Dec 15, 2004 14:45
vacation needs to come now. and sorry if i was a bitch today, i just had a crappy day.
but regardless, i've been doing some thinking in math class and others, because what else am i supposed to do. I've realized some things--some things that i don't specifically like about myself. this isn't an entry to make you all be like "no, you're fine" and stuff, because even though i do love you guys a hundered million times, i just need to vent.
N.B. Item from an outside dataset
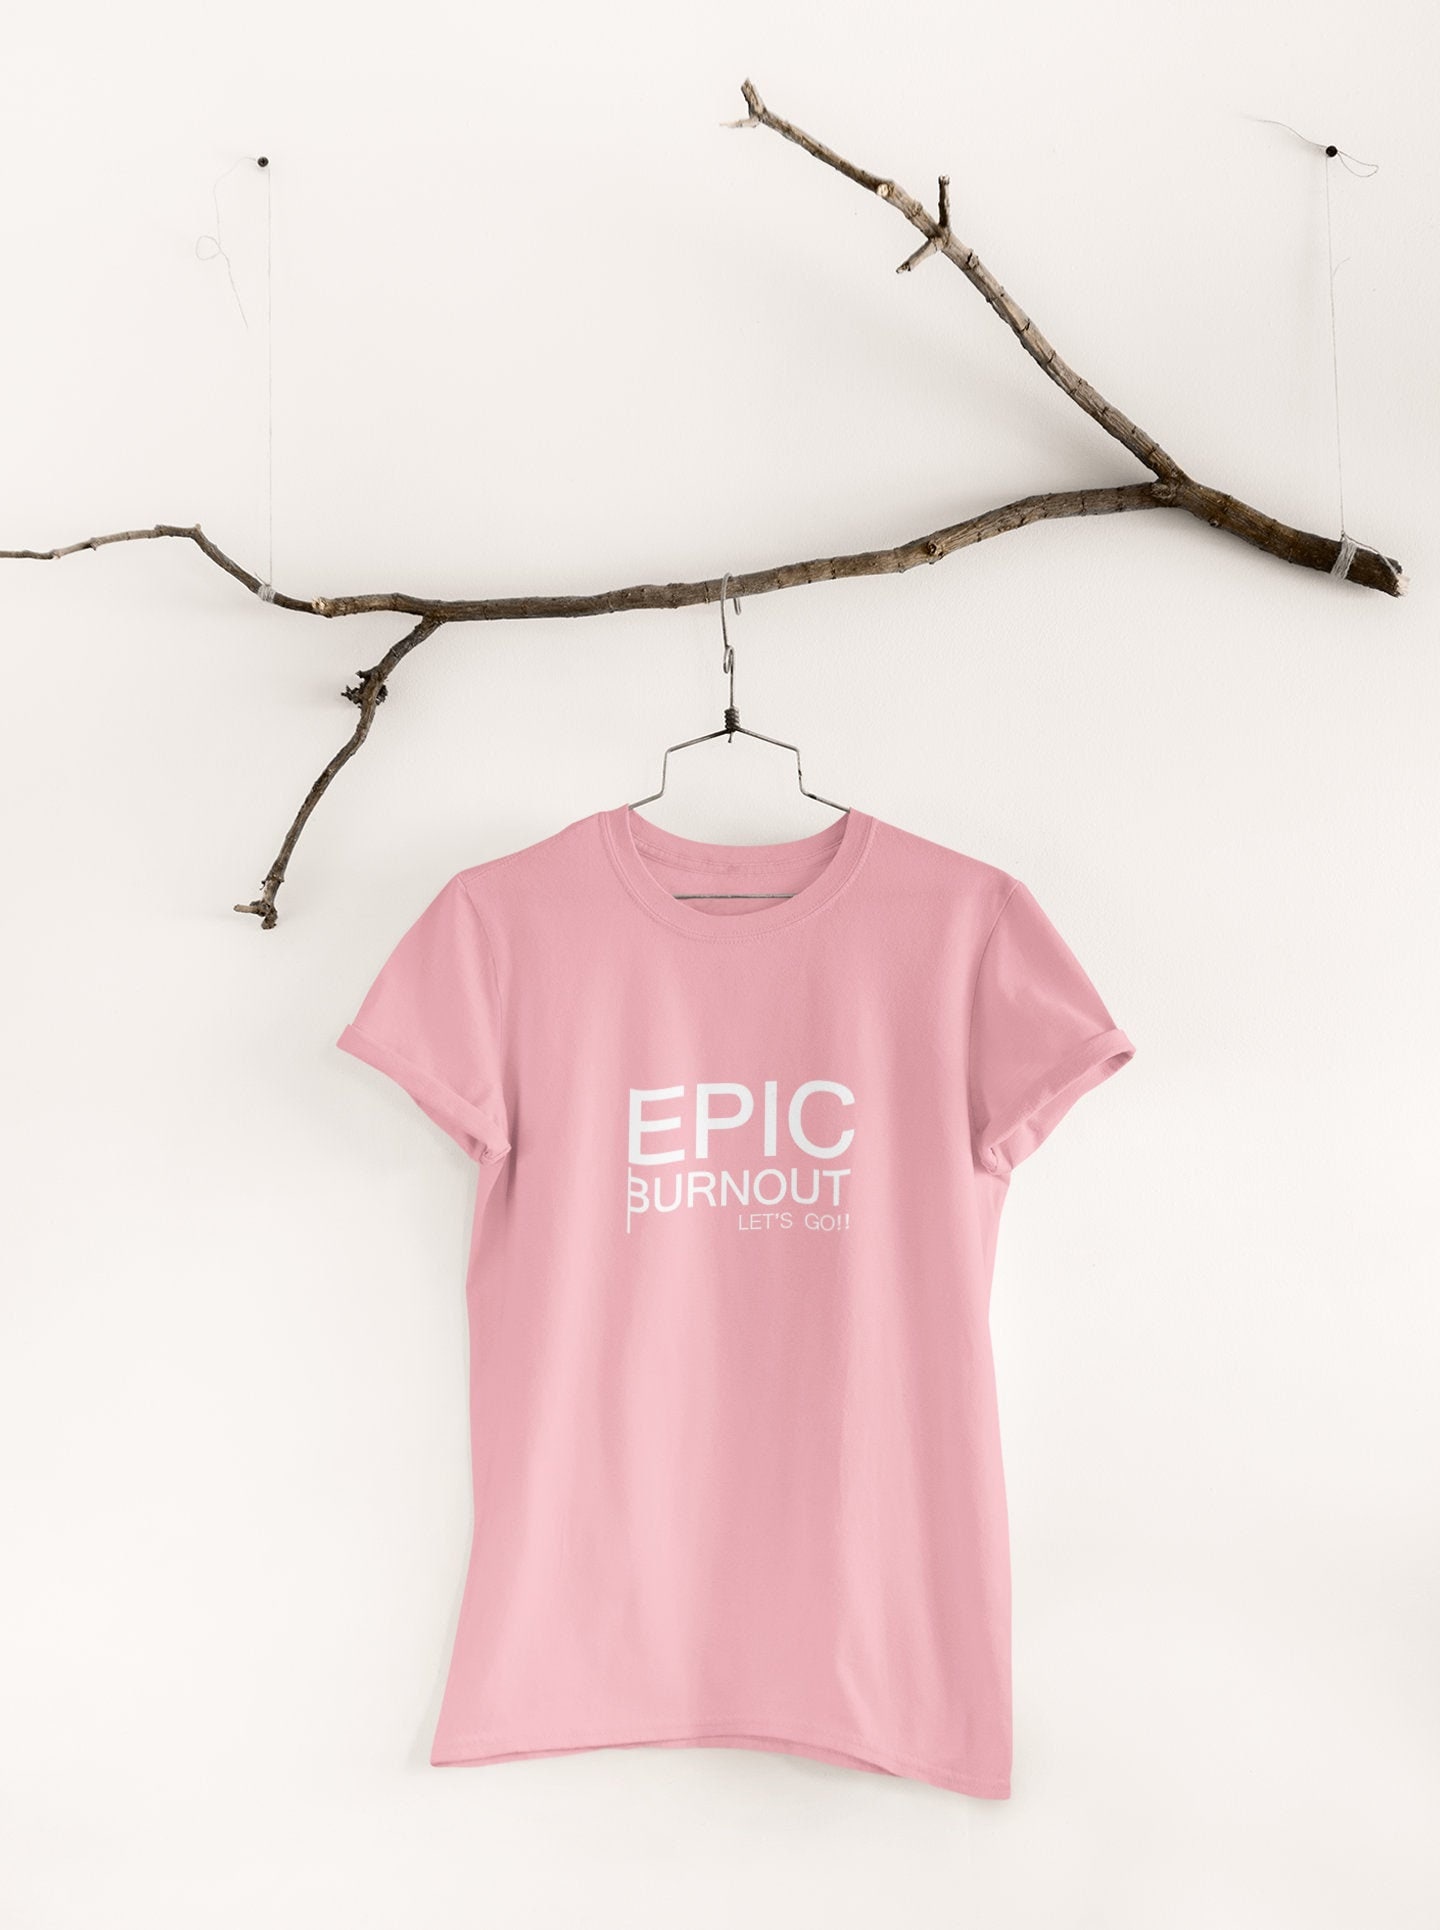 Caroline Girvan EPIC Workout T-shirt -  UK

i've realized that no matter how much i work towards something, all i am ever concerned about is the outcome. what happens after the fact. what i get on the test, what i sound like in the play, what i look like after i do my makeup. what i've realized is that i should be focusing not on the end part, but on what it takes to get there. i should focus on the process of getting the grade, and practing for the play, and not really caring if i look like poop before and or after the makeup.
i guess i'm just mad at myself-because i somehow seem to lose sight of this-of this process that takes me to the end of something. i want to stop that, it's just hard to when i've done it for so long.
today i had a math quiz and i got so upset because i got something wrong. but then i said to myself "why are you so mad about what happened at the end? i should be more concerned with WHY i got it wrong, rather than whether i got it wrong or not."
i hope this makes sense and that it's not too long. it's one of those things i want to change, because i see it in myself all the time.
its not what you end up with that matters, it's what you did to get there that makes all the difference.
love.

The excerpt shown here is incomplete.